Expert: A person who is very knowledgeable about or skilful in a particular area. Experts are often responsible for making decisions or judgements. At Rainbird, we call experts who model their own knowledge in the Rainbird Studio knowledge authors.

Export [article]: The exported .rbird file can be shared with other users, stored in a company’s database or file exchange, and imported when creating a new knowledge map. 

Expression [article]: In the Rainbird Authoring Platform, expressions can be used in conditions where specific logic and/or arithmetic is required. Comparative expressions compare instance(s) against something else. Transformative expressions transform the instance(s) in some way and create a new value.

External data: At Rainbird, external data refers to data which is stored outside of the Rainbird Studio, for example in an external database.

Facts [article]: In Rainbird, facts, also referred to as relationship instances, are things that Rainbird knows to be true, although Rainbird does not have to be 100% sure it is true in order to refer to something as a fact. We may only be 80% sure that something is true – we would still class this as a fact, so long as no conditions are attached. If conditions are attached to a fact, it becomes a rule. Rainbird is capable of inferring facts and creating new ones.

firstForm question [article]: First form questions are when Rainbird has a candidate subject and object side for a condition, and it needs the user to confirm it’s correct. These are always yes/no questions.

Graphical view: In the Rainbird Authoring Platform, the graphical view refers to the visual representation of a knowledge map. Knowledge authors can choose to create their knowledge map in the graphical view (the map) or in RBLang.

Grouping [article]: Allows authors to group questions on the same page when asked in a query or agent.

hoursBetween [article]: Rainbird uses the hoursBetween expression to calculate how many hours there are between time instances. Rainbird will return a number as a result – the amount of hours between the two time instances

Import [article]: An .rbird file is an export of a knowledge map that can be imported into a new or existing knowledge map.

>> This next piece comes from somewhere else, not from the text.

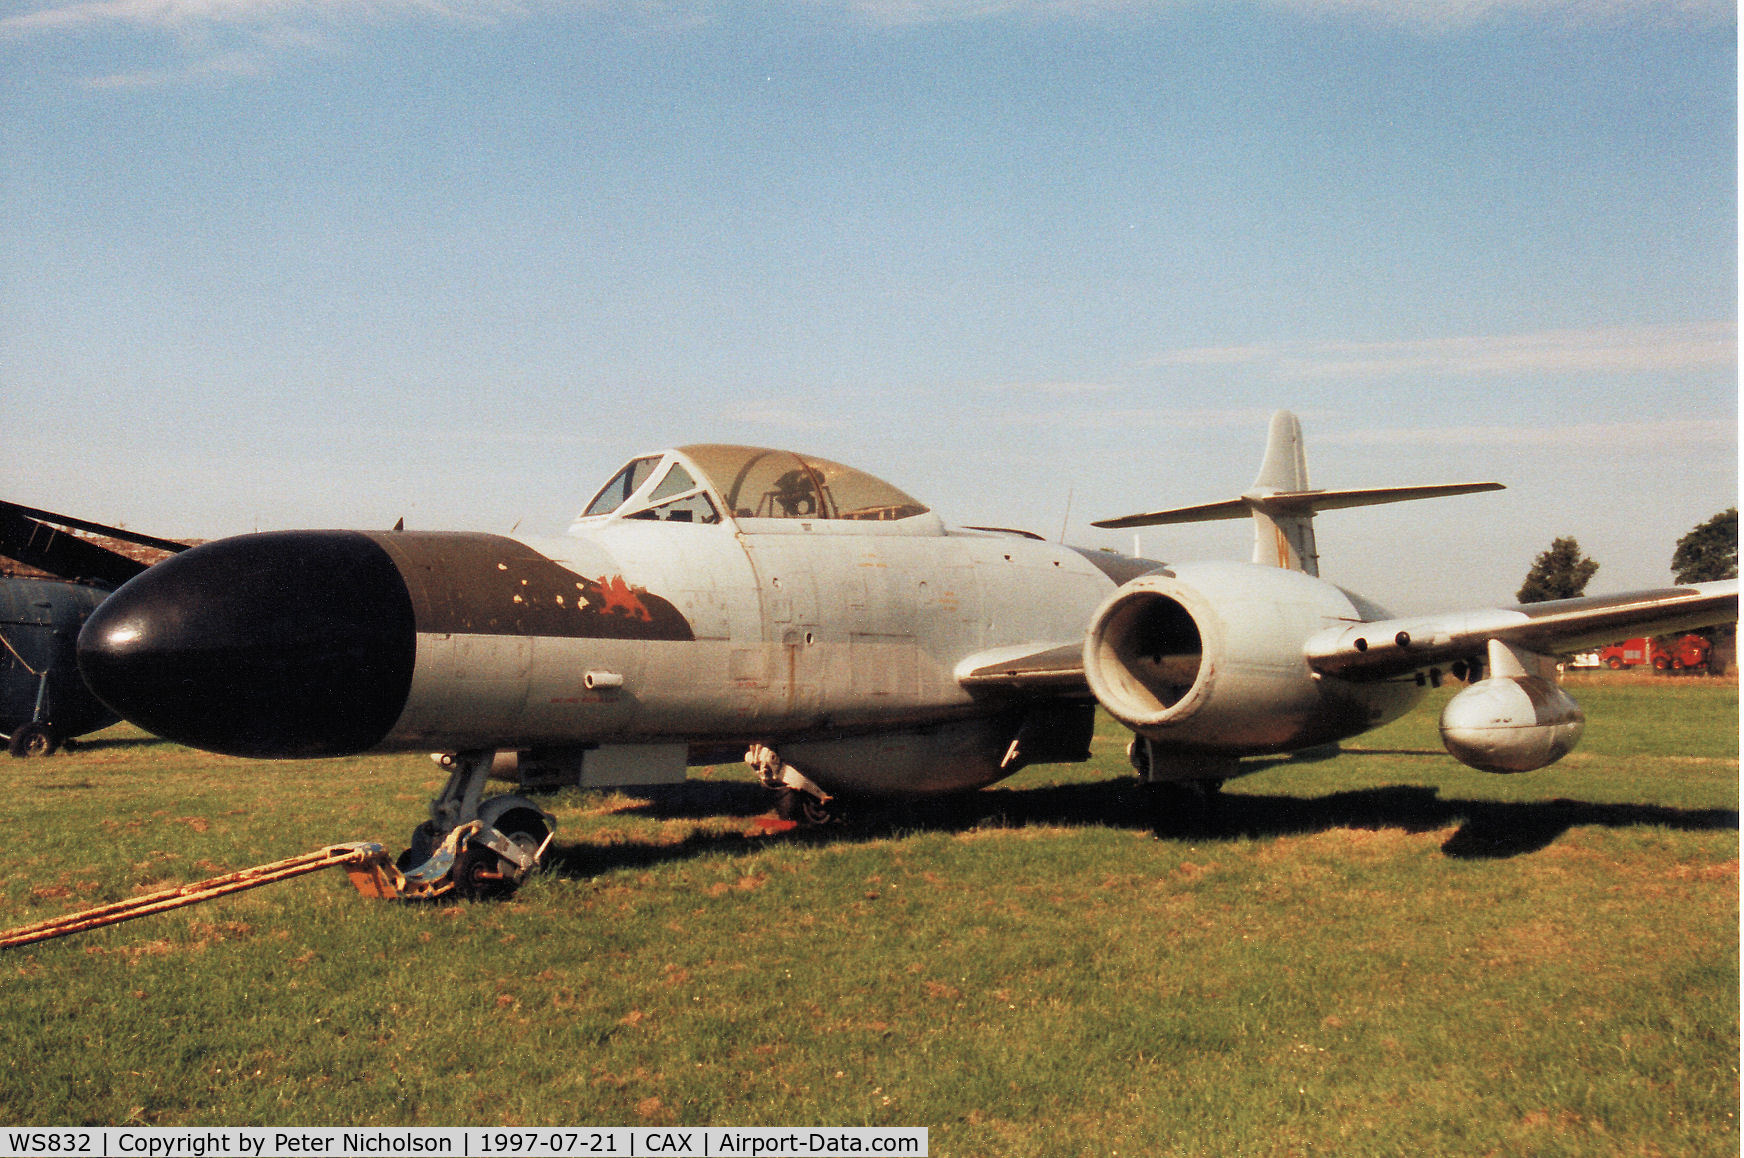 WS832, 1954 Gloster Meteor NF.14 C/N Not found WS832, The Solway Aviation Museum's Meteor NF.14 as seen in the Summer of 1997.

Indirect vs. direct interaction: End users can interact with Rainbird-powered tools directly or indirectly. An example of a direct interaction is a person consulting with Rainbird on their desktop or mobile device through an Agent or a custom UI. An indirect interaction is when an employee consults with Rainbird to support the consumer over the phone.

Interaction History  [article]: Providing more comprehensive information about queries that are run against the map than the map’s invocation statistics which only records the volume of queries that have started or finished. When viewing a map’s interaction history, you will be able to see a record of the query interaction.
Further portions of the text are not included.